Süddeutsche Zeitung

Gepanschte Krebsmedikamente:Dealer in Weiß

Ein Apotheker in Bottrop soll in 60 000 Fällen Krebsmedikamente gepanscht und so mit dem Leben von Patienten gespielt haben. Der Fall offenbart schwere Mängel bei der Überwachung von Arzneimitteln.

Von Werner Bartens

Kommende Woche beginnt der Prozess gegen den Chef der Alten Apotheke in Bottrop.

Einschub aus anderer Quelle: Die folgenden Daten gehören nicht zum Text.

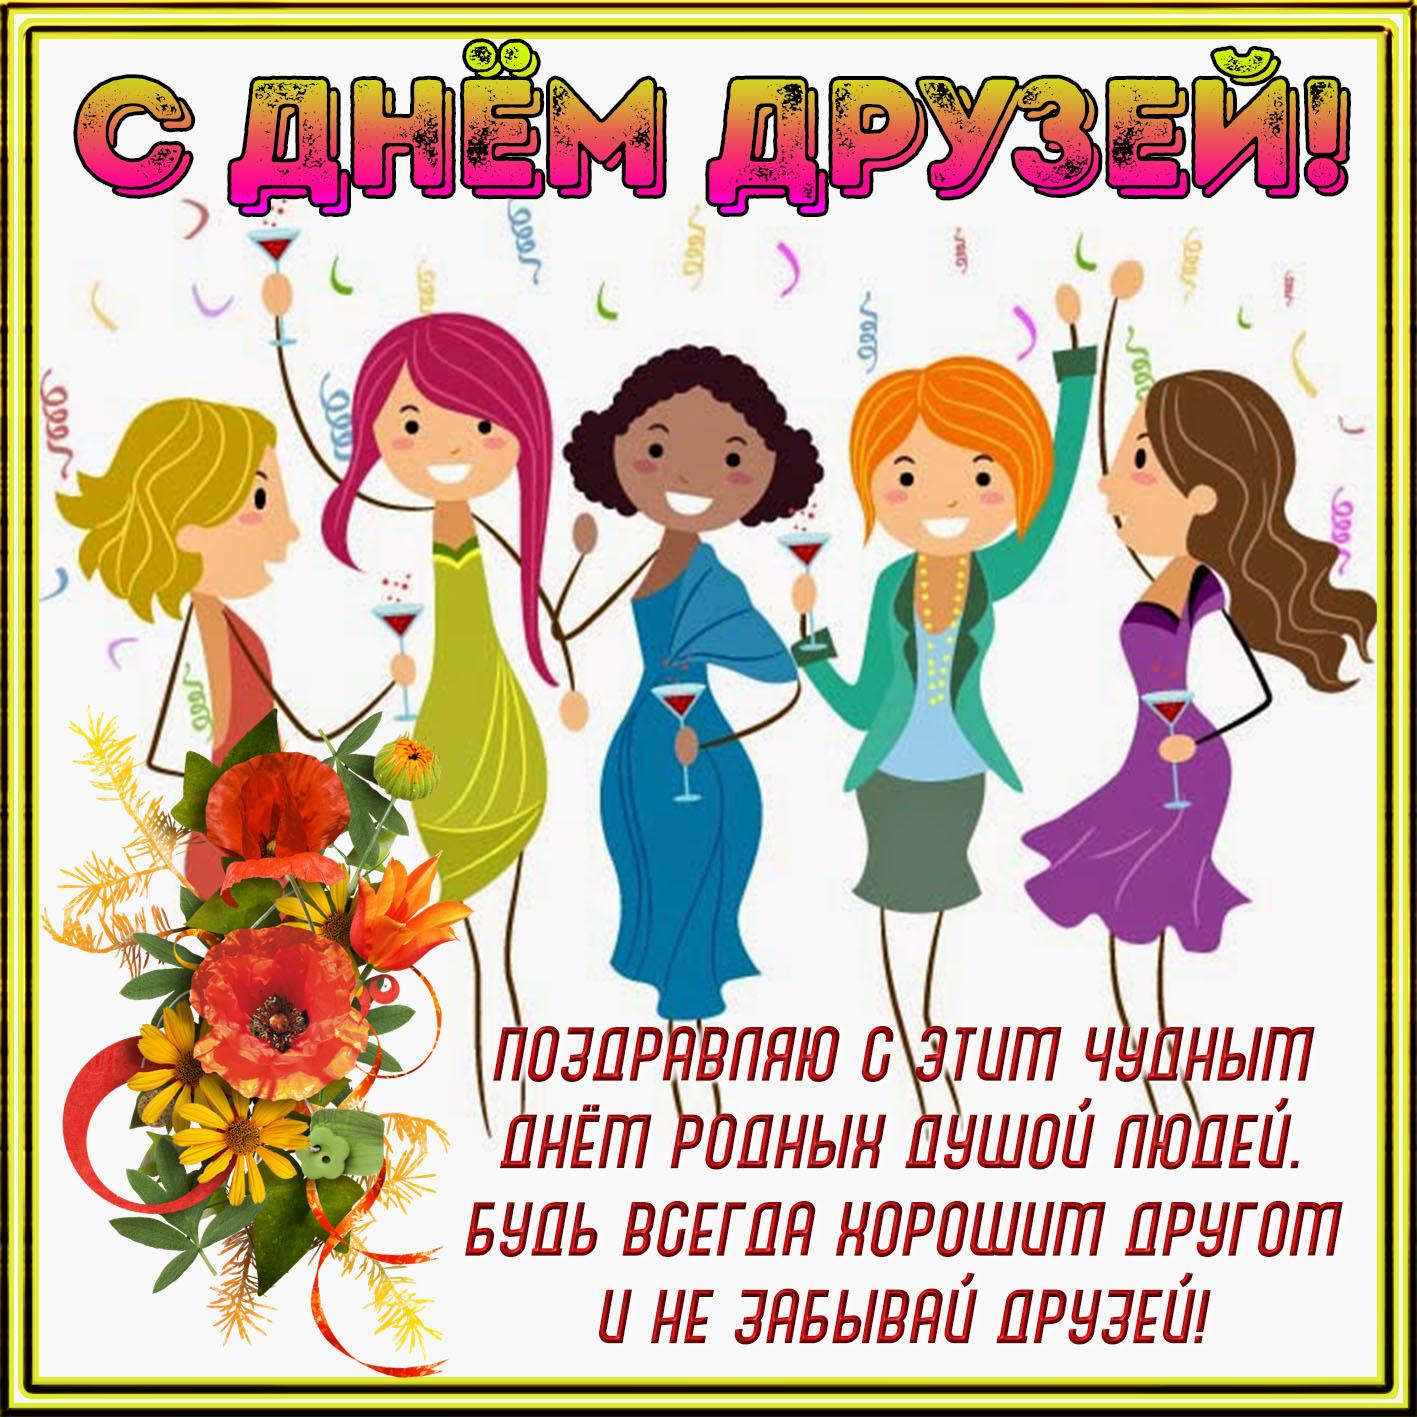 Картинка на День друзей с весёлыми подругами

Er soll in mehr als 60 000 Fällen Arzneimittel "entgegen der pharmazeutischen Kunst" hergestellt haben, lautet der Vorwurf der Staatsanwaltschaft. Die gepanschten Krebsmittel wurden an Schwerkranke verkauft, manchmal war kein Wirkstoff, nur Kochsalz darin enthalten.

Die strengen Hygieneregeln, wie sie für die Herstellung von Krebsmitteln unter Reinraumbedingungen gelten, hat der Angeklagte nicht immer eingehalten. Gelegentlich kam er in Straßenkleidung in die penibel sauber zu haltenden Räume, sogar Hundehaare wurden dort gefunden. Abrechnungsbetrug in 50 000 Fällen habe zu einem Schaden von 56 Millionen Euro für die Krankenkassen geführt. Der Prozess wird ab Montag vor der Wirtschaftstrafkammer geführt.

Die Sicherheit von Krebsmitteln ist nicht immer gewährleistet

Angesichts des Ausmaßes der Tat wäre es leicht, das Vergehen als monströsen Einzelfall darzustellen. Eine solche Skandalisierung engt den Blick jedoch ein auf den Missetäter. Diese Individualisierung von Schuld trübt die Wahrnehmung für die Schwächen des Systems. Der Einzelne wird verurteilt und beschimpft - die Strukturen bleiben unverändert.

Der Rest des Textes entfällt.